Bryan McCormack (born in Dublin, 15 September 1972), is a Contemporary artist who specifically deals with social subject matters. In the last fifteen years, Bryan Mc Cormack has had over 30 group and solo exhibitions. Currently he lives and works in Paris, France.

Life

After his initial studies, Bryan Mc Cormack left Ireland to travel.

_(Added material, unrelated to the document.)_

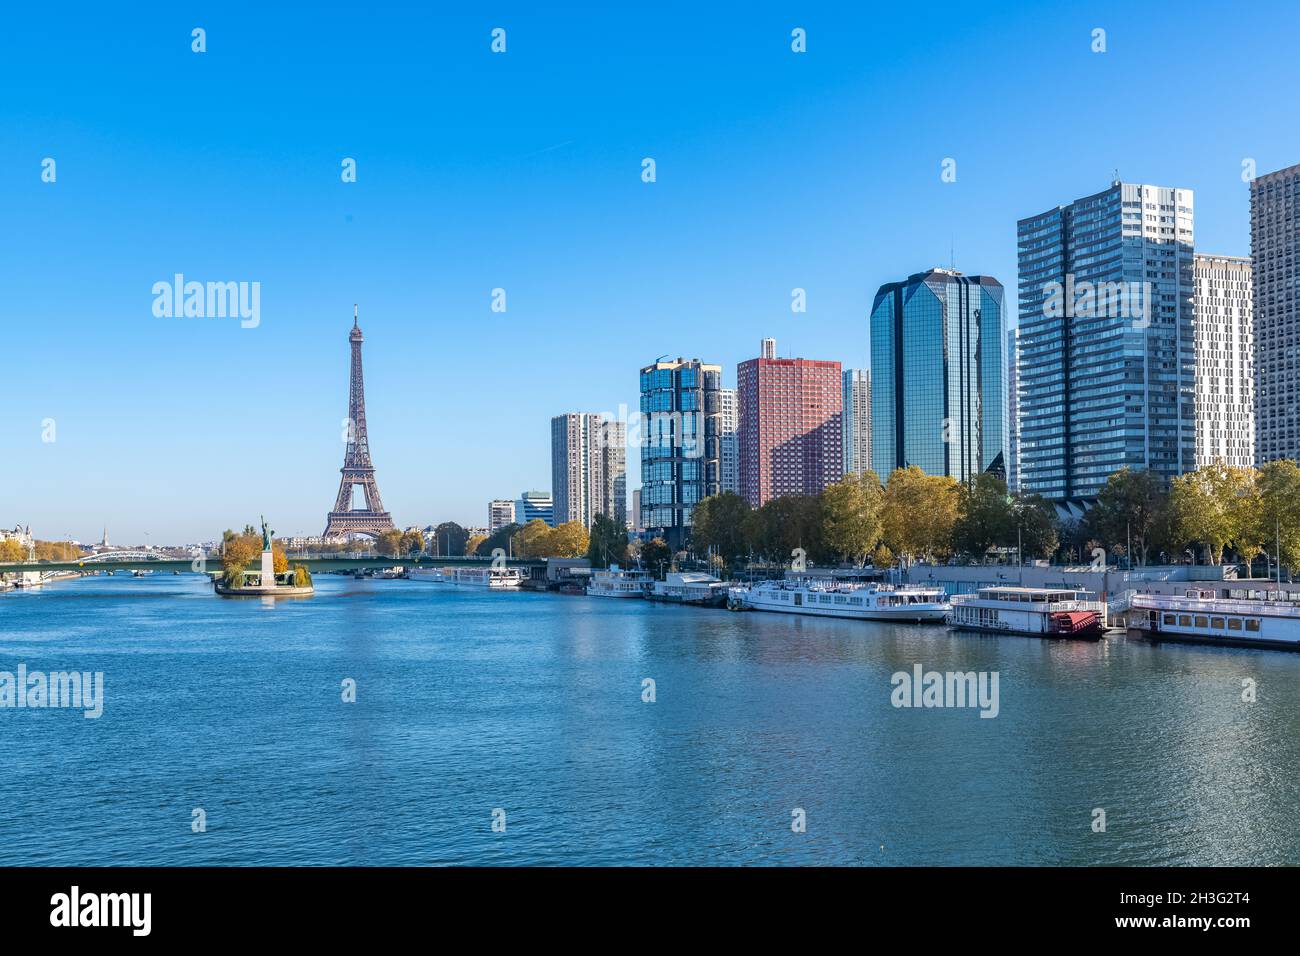 Paris, le pont Grenelle sur la Seine, avec la statue de la liberté, et la Tour Eiffel en arrière-plan Banque D'Images

Today, based in Paris, he creates and exhibits, primarily, installations in situ and sculptures that are social in their concept.

Work

2003–2004 

In 2003 and 2004, Mc Cormack exhibited at Castagneto Po Arti al Castello Foundation in Turin, Italy : Who Are The Heros (An Installation in situ, examining the devastating effects of military action) and : Unleashing The Design of Imponderable Immortality on the Misguided, Servile Burgeoise (An installation in situ, concerned with the economic divide between the different social classes).

2005 

In 2005, Bryan Mc Cormack exhibited at the Empire Gallery in London, an installation in-situ, titled : Intimate Whisperings While the Words Break Down (A work that investigated mental illness in today's society).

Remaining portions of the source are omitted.